Today was one of those days, and so I took my scythe, tied my hair off my face, packed up the water bottle and set to slicing through the tall grass in our field.  Now I am not the solitary reaper.  No one calls me “lass” at 36, with four kids,  unless they are Scottish and 80 years old. I was cutting grass, not grain, with a scythe, not a sickle (got one of of those too, though).  And I can’t scythe and sing melancholy songs at the same time.  Cutting hay is far too cheerful a job for melancholy, and when I get hot and sweaty, I’d rather not sing, but just watch the grass and the barn swallows play.  Plus, no vale here  – we’re up in the hills.  Otherwise, it was just like a Wordworth poem, right ;-) ?

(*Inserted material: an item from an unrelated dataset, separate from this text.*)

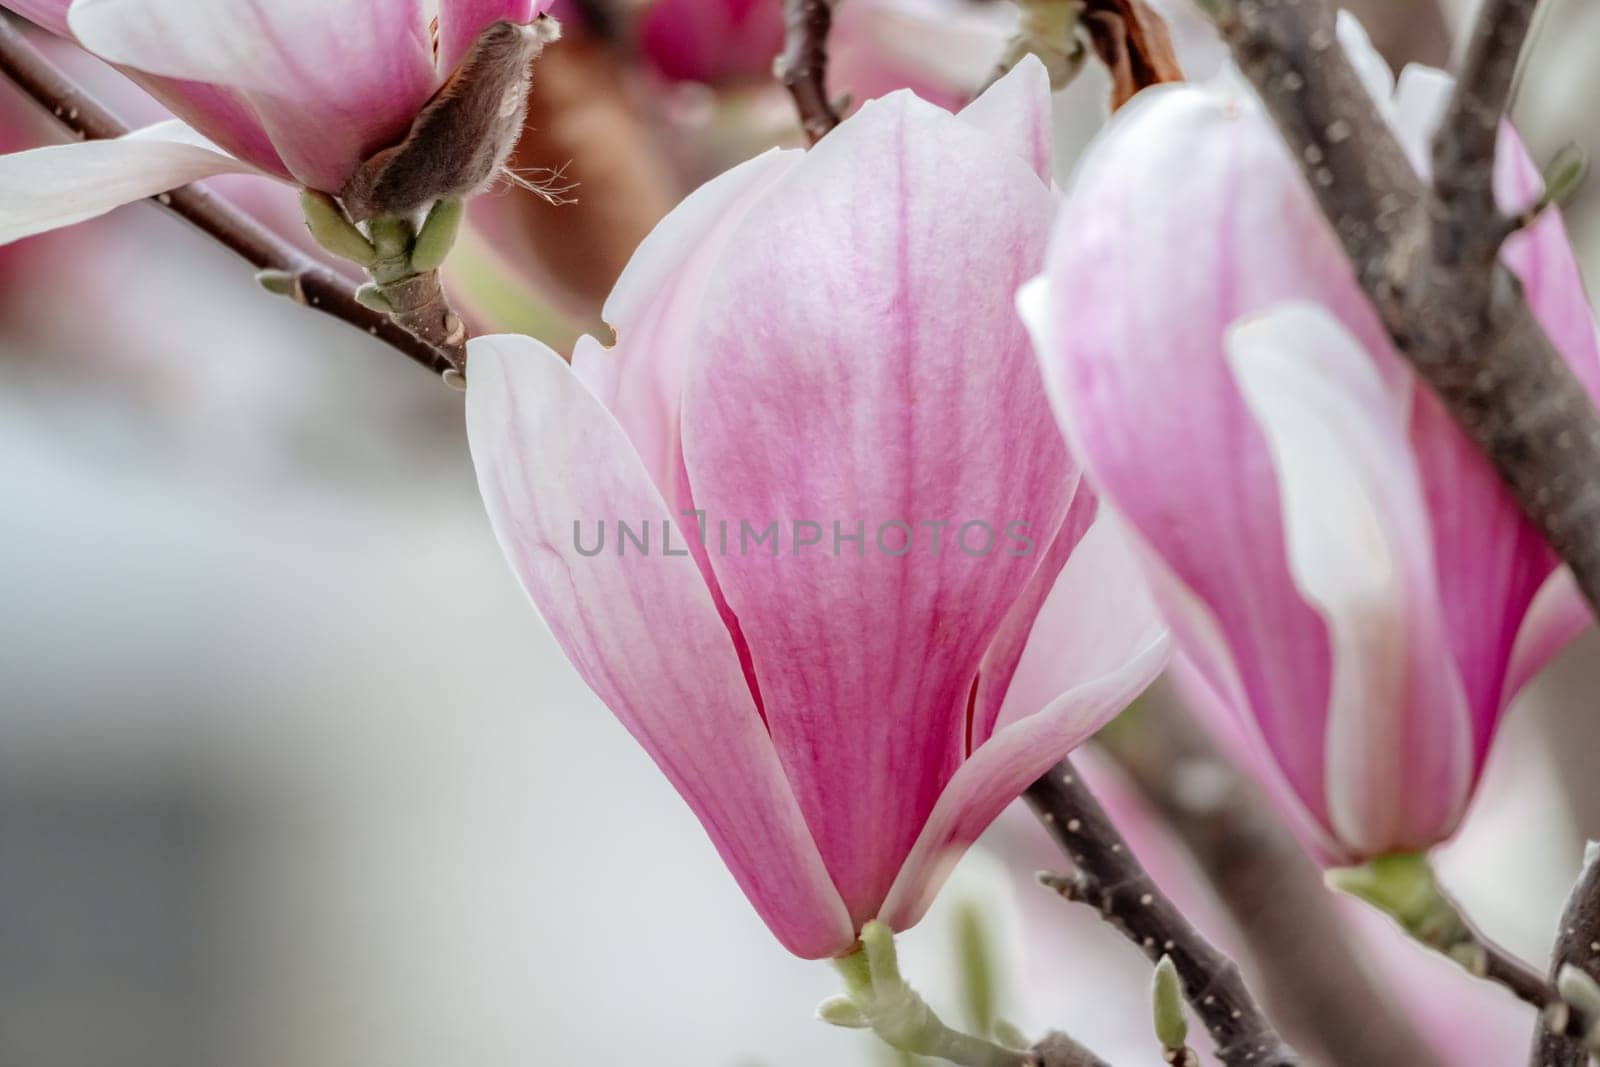 Magnolia Sulanjana flowers with petals in the spring season. the beautiful pink magnolia flowers in spring, selective focusing.
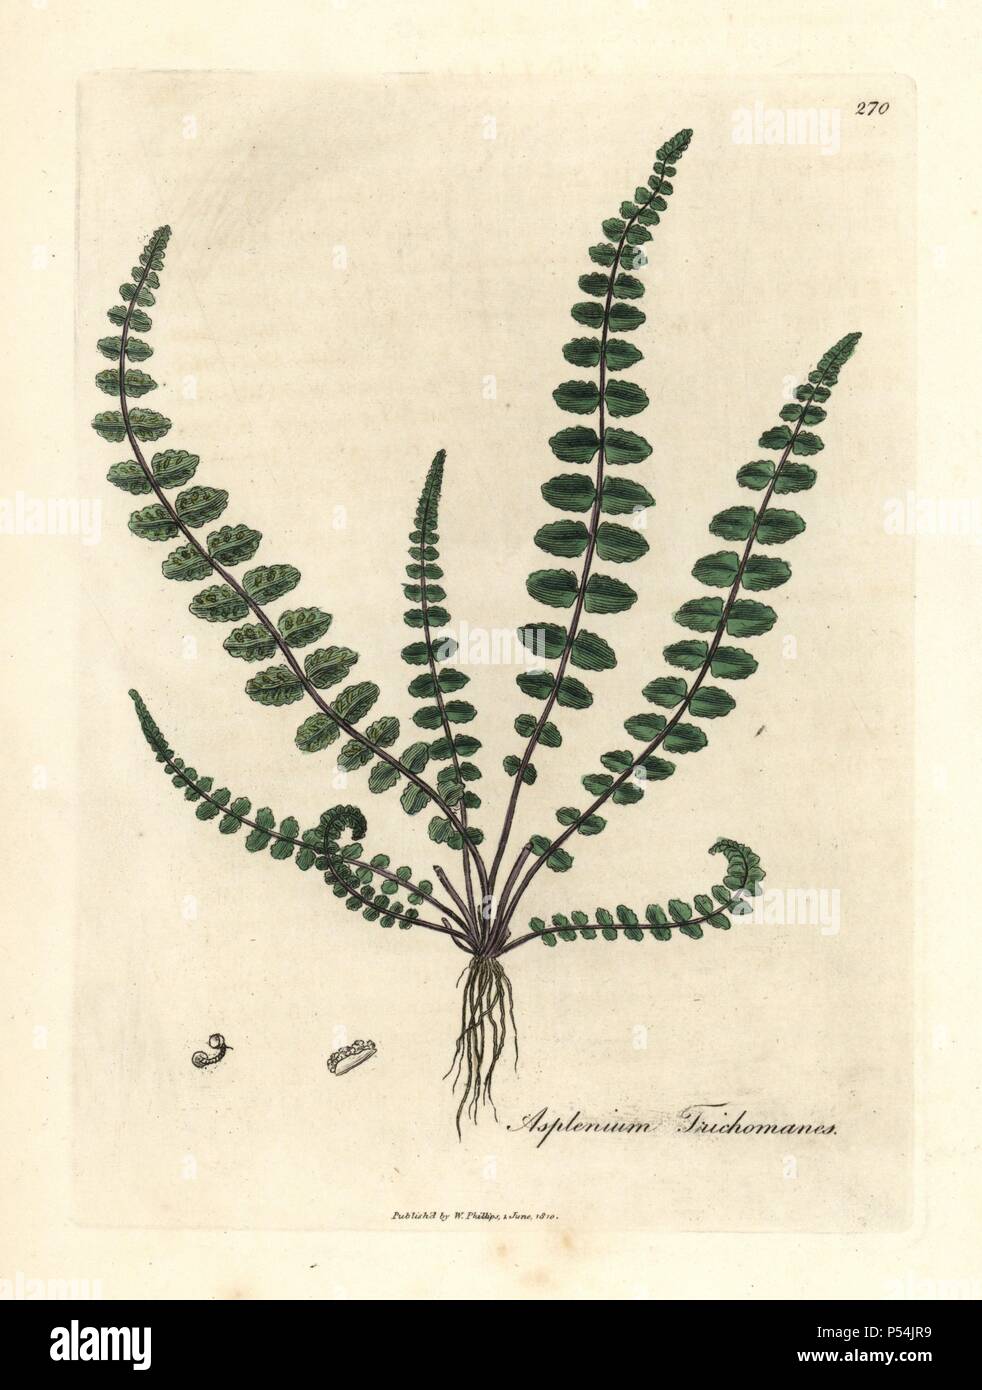 Common maidenhair fern or spleenwort, Asplenium trichomanes. Handcoloured copperplate engraving from a botanical illustration by James Sowerby from William Woodville and Sir William Jackson Hooker's 'Medical Botany,' John Bohn, London, 1832. The tireless Sowerby (1757-1822) drew over 2, 500 plants for Smith's mammoth 'English Botany' (1790-1814) and 440 mushrooms for 'Coloured Figures of English Fungi ' (1797) among many other works. Stock Photo

As I was out scything, a few of the cars that passed slowed down to take a look – there are not that many places where people put up hay by hand anymore.  It is normal to see the tractors in the field now, or the big hay trucks heading back to the barn, but not to see someone working by hand.  But we don’t do that much – much less than acre each year.  With only a few goats eating hay (the sheep don’t winter here, but back at my neighbor’s place), we don’t need that much, and so it isn’t very expensive to supplement what we do put up. 

We also don’t bale it – most people think that hay must be baled, but before the advent of equipment most of it was stacked or put up loose in barns.  So far, we’ve done loose hay, but this year, I’m going to try and build a haystack – properly done, it should shed rain and allow me to keep the hay outside.  Whether I’ll do it properly is another issue altogether – like many things we do for the first time, I anticipate difficulties.  But that’s ok, there’s a second cutting yet to come, and that’s the stuff that matters more.  If my stack fails with the first cutting, I won’t have lost anything – it can always become mulch.

My husband loves to hay – I honestly don’t, although I enjoy it for a while.  Because good hay is put up in  hot weather, I get grumpy – I joke that I’m basically a mushroom, who prefers her weather cool, shady and damp ;-) .  These are not, however, haying conditions.  By lunchtime, I was happy to come in and find some shade.  The afternoon will be spent doing less strenuous things – if it was 2 weeks ago, we’d be pushing flat out.  But since the hay is late and already has seed heads, we know its nutritional value is lower than it would have been if cut earlier, so most of this will probably end up as bedding.  There’s really no huge rush, except to get the grass ready for its second cut, the one we will want the goats to eat.  I can afford to cool off and homeschool for a bit.  Still, there’s something satisfying about our harvest of grass – I know that my goats will be kept dry and warm on this, and the second cutting will help feed them.   The reality is this is just another form of food preservation.

The goats follow me in the field, mystified as I swing my body and the scythe round – what on earth am I doing?  Why am I messing with their grass?  The scythe makes a peculiar sound, something like “Wssshhht” when it slices through the grasses.  We’ll leave the grass to dry a bit, and then rake it into windrows to dry further.  The kids like to help with this chore – and the raking I do enjoy.   

I hay in a long, very ratty pink skirt that is used only for dirty garden chores, a t-shirt, and my hair bound up in a kerchief – dressed this way, I don’t look that different than the women of Wordsworth’s days. I’m not trying to achieve nostalgia, just making use of a practical costume – the skirt keeps the grasses off my legs, but is cooler than pants, the bandana keeps my hair off my sweaty neck and reflects back some of the sun.  But there seems something appropriate that I look as old-fashioned as my act is.

The reason we put hay up this way is very simple – it is the only way we can make hay out of our own grass.  Once upon a time, a man hayed our property, but he no longer cuts hay for a living, and while we would contract with others to cut our small hayfield, we found that they never had time to do it when it most needed doing – our fields were too small to bother with.  So we started doing at least some of it ourselves.  It isn’t much – we still buy some hay from neighbors, but it is something, and it requires only our scythes, our time and the fairly simple mastery of an arcane art.